[Items from a dataset]
--------------------------------

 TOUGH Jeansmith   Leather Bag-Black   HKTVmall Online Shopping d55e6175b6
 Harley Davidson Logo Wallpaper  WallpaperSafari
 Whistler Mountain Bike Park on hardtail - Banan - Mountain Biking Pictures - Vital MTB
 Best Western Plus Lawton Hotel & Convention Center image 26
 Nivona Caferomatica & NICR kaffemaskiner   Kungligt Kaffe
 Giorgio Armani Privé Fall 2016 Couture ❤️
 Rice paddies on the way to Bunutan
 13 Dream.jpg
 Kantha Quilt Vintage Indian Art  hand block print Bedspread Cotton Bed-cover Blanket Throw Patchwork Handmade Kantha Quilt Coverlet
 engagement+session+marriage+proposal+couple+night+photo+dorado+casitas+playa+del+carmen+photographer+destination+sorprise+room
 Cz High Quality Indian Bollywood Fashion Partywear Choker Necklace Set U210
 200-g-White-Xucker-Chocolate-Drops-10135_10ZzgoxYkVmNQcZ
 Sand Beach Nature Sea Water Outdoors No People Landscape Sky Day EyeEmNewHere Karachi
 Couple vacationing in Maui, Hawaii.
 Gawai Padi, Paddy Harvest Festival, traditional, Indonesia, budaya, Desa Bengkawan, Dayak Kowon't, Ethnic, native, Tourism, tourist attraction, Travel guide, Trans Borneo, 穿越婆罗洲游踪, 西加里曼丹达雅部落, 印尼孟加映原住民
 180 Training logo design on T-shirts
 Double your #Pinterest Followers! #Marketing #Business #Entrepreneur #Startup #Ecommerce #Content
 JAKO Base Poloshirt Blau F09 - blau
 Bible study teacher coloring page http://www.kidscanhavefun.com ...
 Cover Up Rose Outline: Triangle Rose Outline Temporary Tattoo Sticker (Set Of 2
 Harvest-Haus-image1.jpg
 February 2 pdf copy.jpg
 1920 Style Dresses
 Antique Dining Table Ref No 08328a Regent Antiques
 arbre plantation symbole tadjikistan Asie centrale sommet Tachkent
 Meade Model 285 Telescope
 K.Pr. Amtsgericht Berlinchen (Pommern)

--------------------------------

Work instructions: Search the entries for the word "Indian". Copy every line where it occurs.

Written reply:
 Kantha Quilt Vintage Indian Art  hand block print Bedspread Cotton Bed-cover Blanket Throw Patchwork Handmade Kantha Quilt Coverlet
 Cz High Quality Indian Bollywood Fashion Partywear Choker Necklace Set U210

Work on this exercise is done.